Polyarticular which is characterized by multiple joint involvement. This includes five or more large and small joints of the legs, arms, neck and jaw. Progression into adulthood may occur.

Pauciarticular (oligo-articular) involves four or less joints. Most often, the wrists, knees, and possibly eyes.

K:

Kinaret; is a biologic medication used to treat autoimmune diseases. Its method of action is to bind to the Interleukin 1 type receptor on specific cell surfaces. It is self-administered once a day as a subcutaneous injection.

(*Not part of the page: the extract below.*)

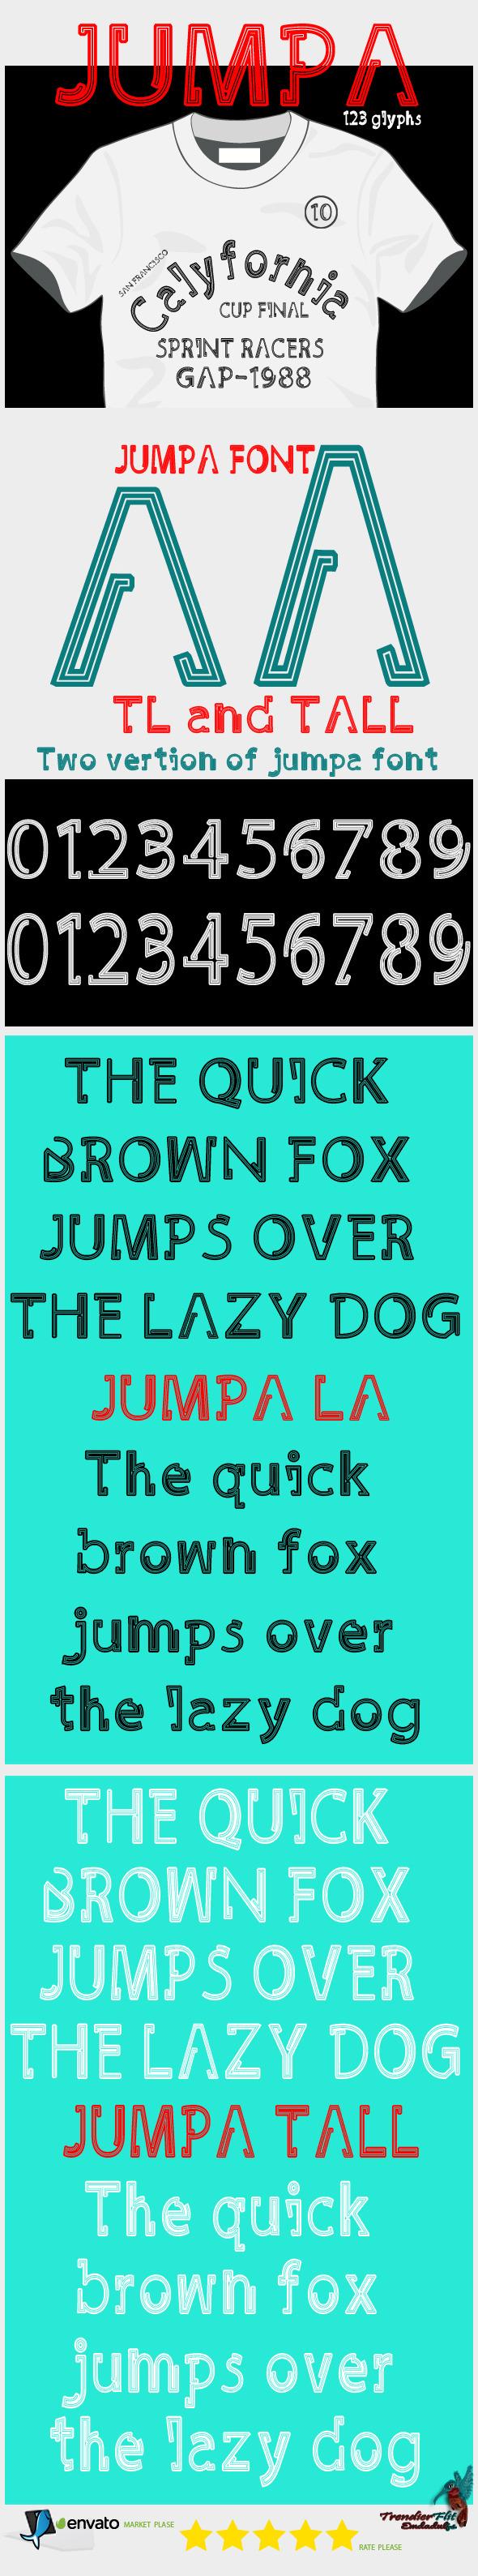 Jumpa Font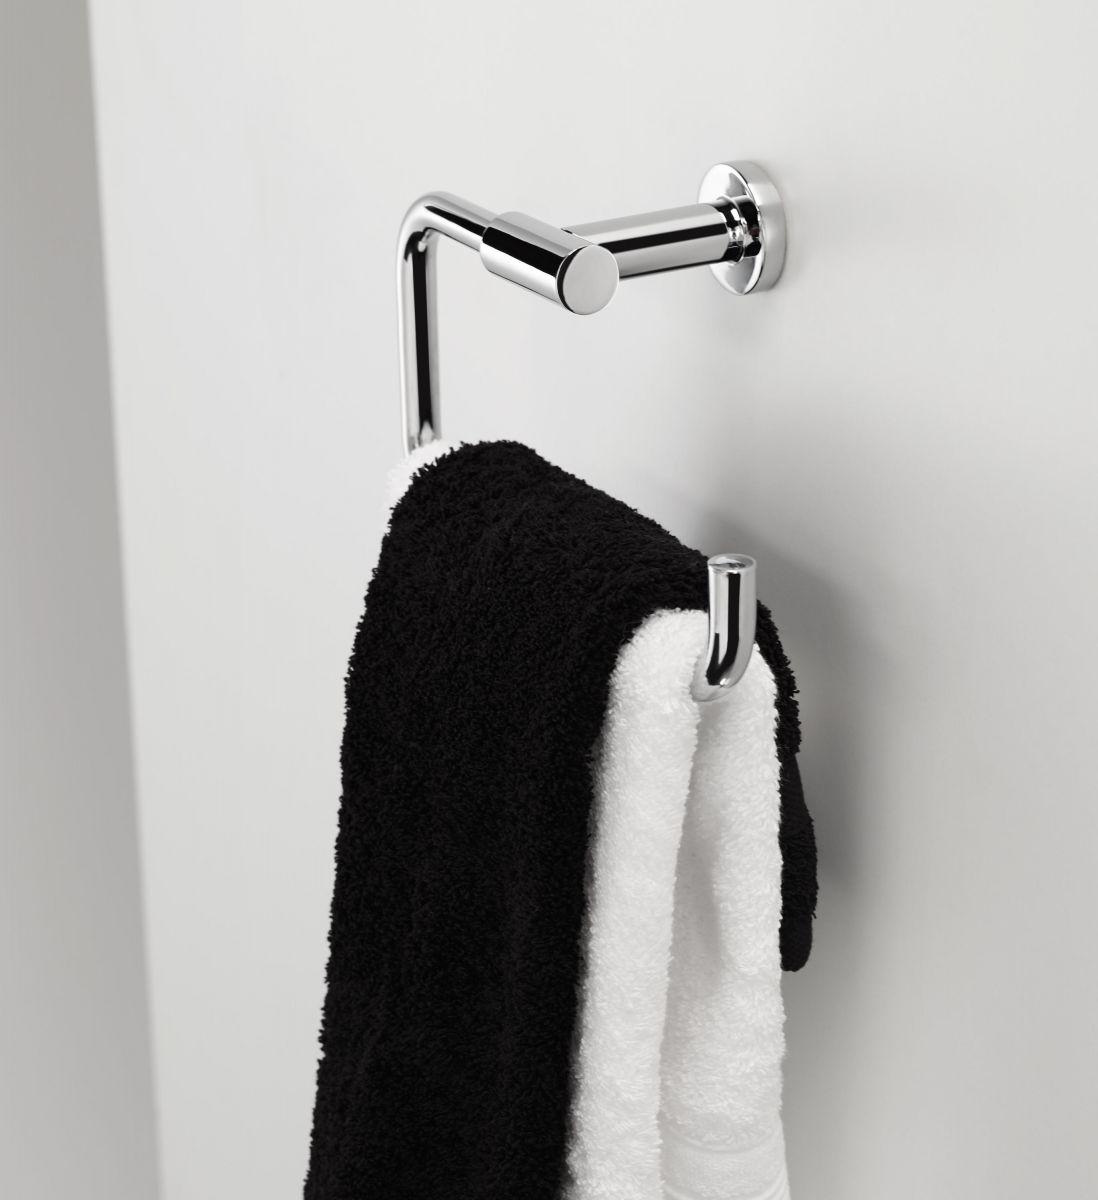 Cosmic Towel Rack 230

Koebner Phenomenon; a condition in which skin lesions appear on areas of minor skin trauma such as scratching. Koebner’s Phenomenon is seen in many conditions including; psoriasis, SLE, Still’s Disease, and Kaposi’s sarcoma.

L:

Leukocytosis; a situation in which there is an increase in the white blood cell count. It is a laboratory finding not a separate disease state. It results from multiple medical conditions including infections, stress, malignancy, and autoimmune diseases. Any or all of the cells of the immune blood cell system may be increased over normal values. Also more of the juvenile forms of the white blood cells will be present in the bloodstream. This is referred to as a shift to the left of the white blood cell population found in the bloodstream.

Lymphadenopathy; a condition in which the lymph nodes become enlarged. Underlying causes include infection, autoimmune disease, and malignancy.

M:

Macrophage Activation Syndrome; is a complicated condition that can arise in children affected with systemic inflammatory disorders. MAS results in excessive proliferation and activation of specific white blood cell types; T-lymphocytes and macrophages. MAS results in high fever, organ enlargement, anemia, and difficulty with coagulation of the blood. It is described as a secondary form of HLH (see Hemophagocytic Syndrome).

Maculo-Papular Rash; a skin rash characterized by a flat red area (macules) that is covered with small raised bumps (papules).

Methotrexate; is a medication classified as a DMARD. Methotrexate is used to treat multiple diseases including autoimmune conditions. It functions by inhibiting folic acid metabolism. It is taken by mouth. (see DMARD’S)

Muckle-Wells Syndrome; is a condition characterized by periodic episodes of skin rash, fever, joint pain, progressive hearing loss and kidney damage. These episodes begin during infancy and/or early childhood and continue through adulthood. Muckle-Wells syndrome is caused by a gene mutation resulting in the production of a defective version of cryopyrin. Cryopyrin is a protein molecule which is functions in the modulation of the inflammatory response.

Myalgia; is a symptom that corresponds to diffuse muscular pain. It may be related to local conditions involving the muscles or more frequently result from a systemic condition (involving the entire body).

N:

Neoplastic Disease; is the growth of an abnormal mass of cellular tissue. Neoplastic tissue is unregulated or lacking in coordination with the local normal tissue surrounding it.

NSAIDs; a class of medications that reduce the inflammatory reaction and do not contain steroids. The method of action is inhibition of the enzyme cyclooxygenase which are required for prostaglandin synthesis. NSAIDs are most often taken orally, but can be available as IV infusions, gels, or creams to be applied topically. NSAIDs use may result in side effects on multiple organ systems. On the gastrointestinal system NSAIDs can result in possible peptic ulcer formation. Examples of NSAIDs include Celebrex, Motrin, and Voltaren.

O:

Organomegaly; abnormal enlargement of an organ.

P:

Pauci-Articular Disease; (see juvenile rheumatoid arthritis, oligo-articular pattern)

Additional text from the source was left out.